:: REQUIRED ACTION ::
The required answer is the data below, restated word for word with images omitted.

:: DATA BELOW ::
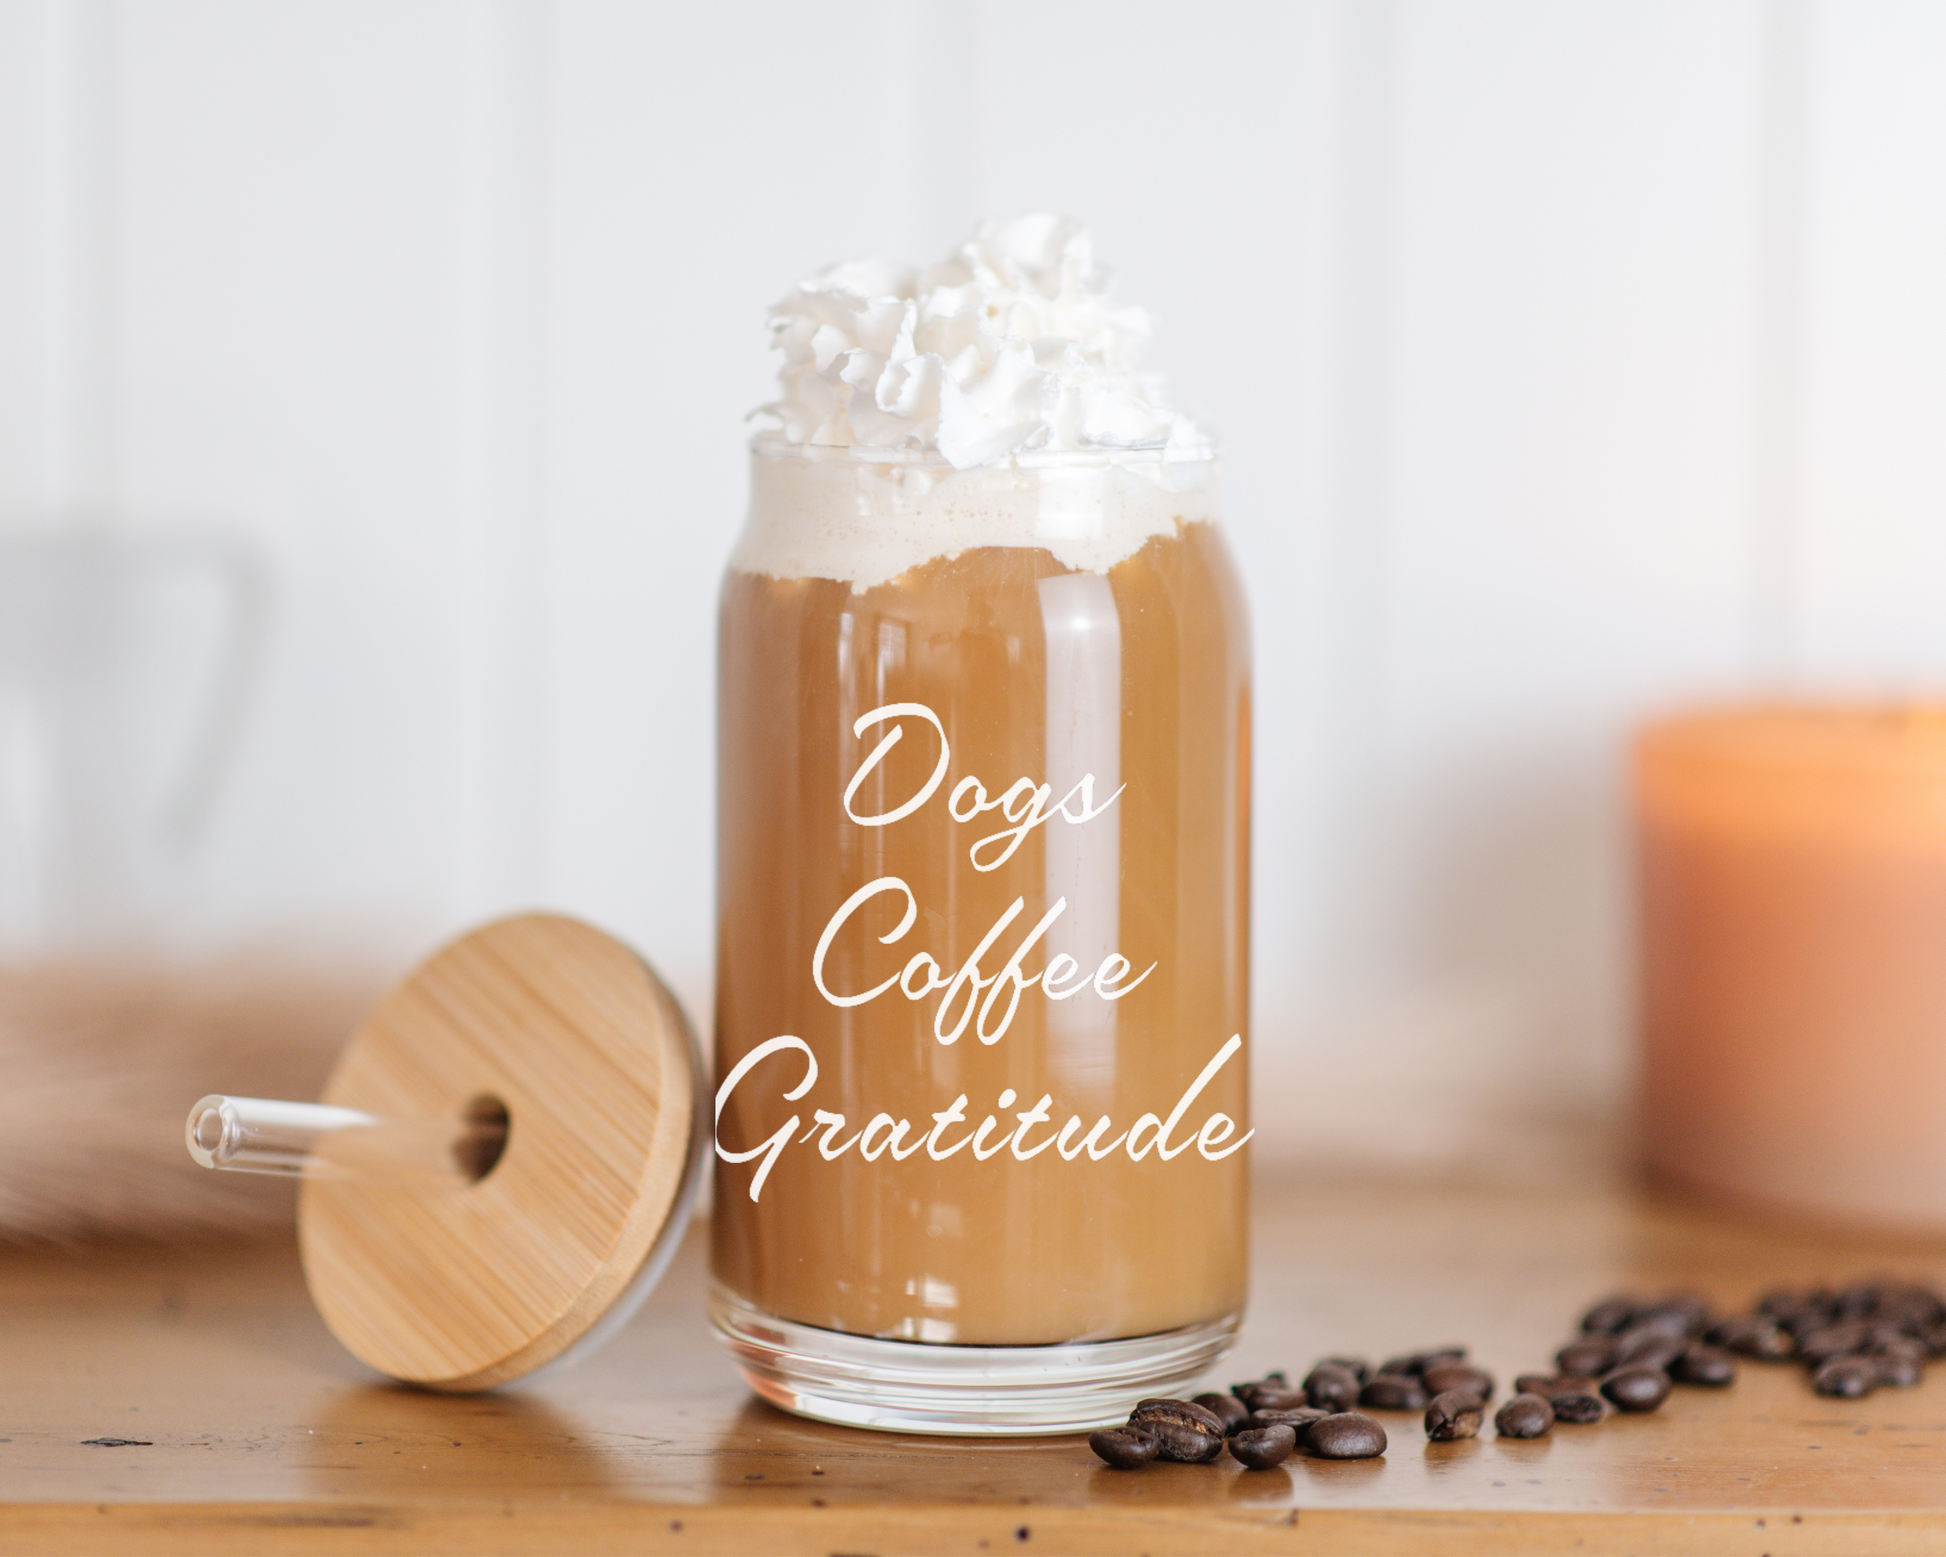 Dogs Coffee Gratitude coffee cup, coffee cups for dog lovers, iced coffee cups, beer can glass cups for dog lovers, dogs coffee gratitude
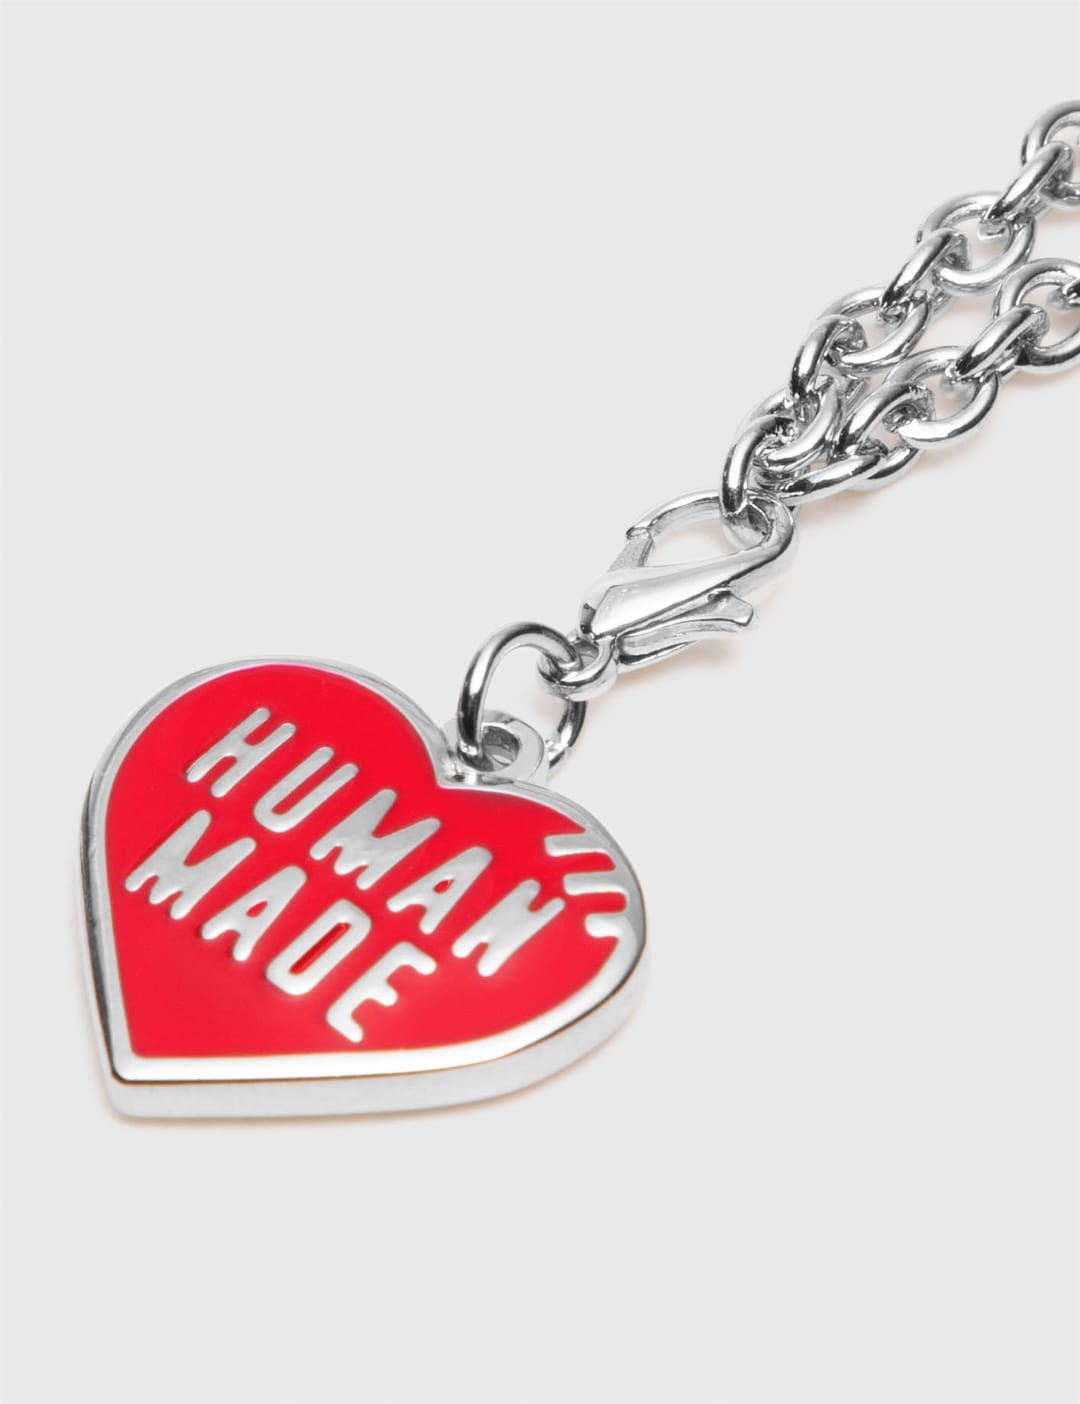 HUMAN MADE HEART SILVER NECKLACE ネックレス
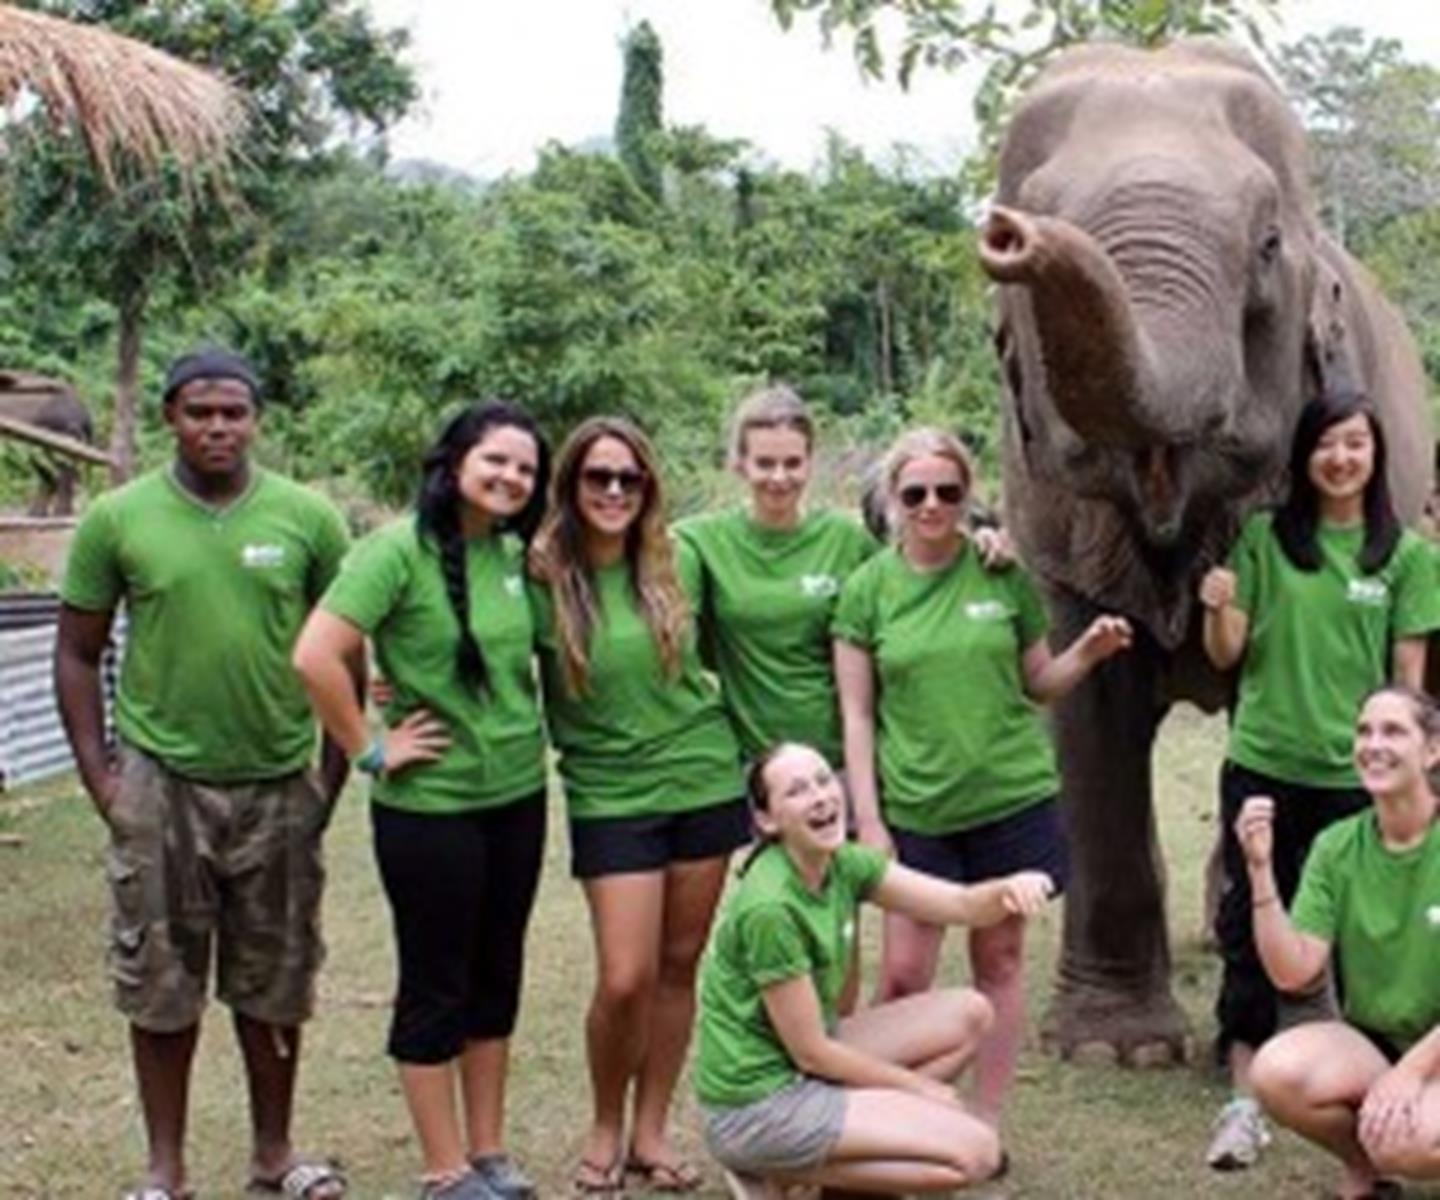 In Thailand, International Student Volunteers (ISV) supports a sanctuary for elephants that have been rescued from the tourism and logging industries.
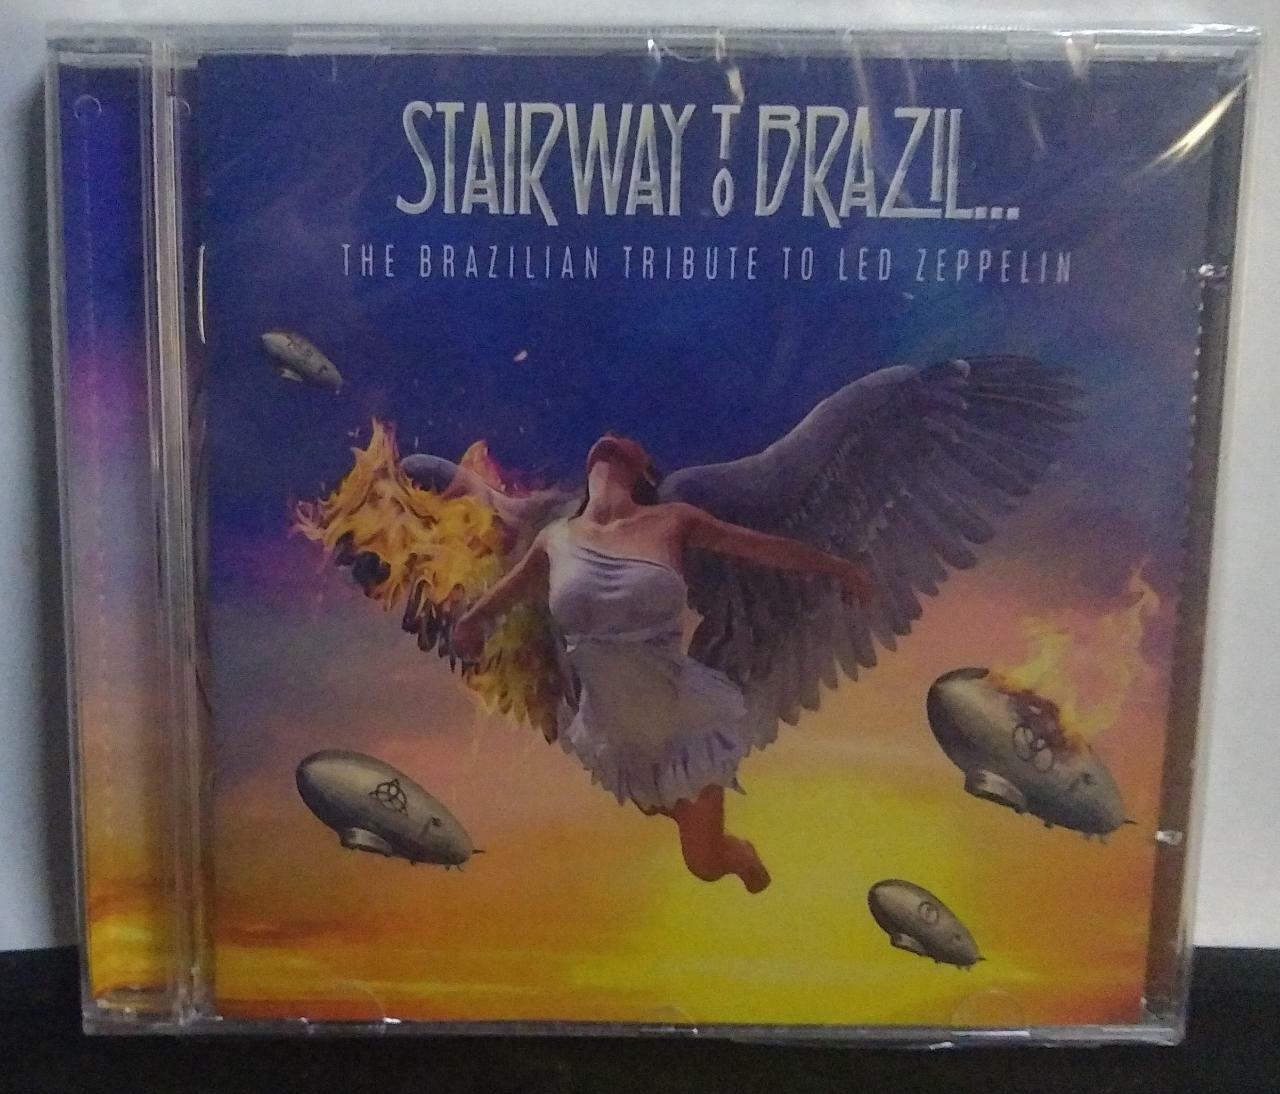 CD - Stairway to Brazil - the Brazilian Tribute to Led Zeppelin

:: OUTPUT FOR THIS EXERCISE ::
 Dogs Coffee Gratitude coffee cup, coffee cups for dog lovers, iced coffee cups, beer can glass cups for dog lovers, dogs coffee gratitude
 HUMAN MADE HEART SILVER NECKLACE ネックレス
 In Thailand, International Student Volunteers (ISV) supports a sanctuary for elephants that have been rescued from the tourism and logging industries.
 CD - Stairway to Brazil - the Brazilian Tribute to Led Zeppelin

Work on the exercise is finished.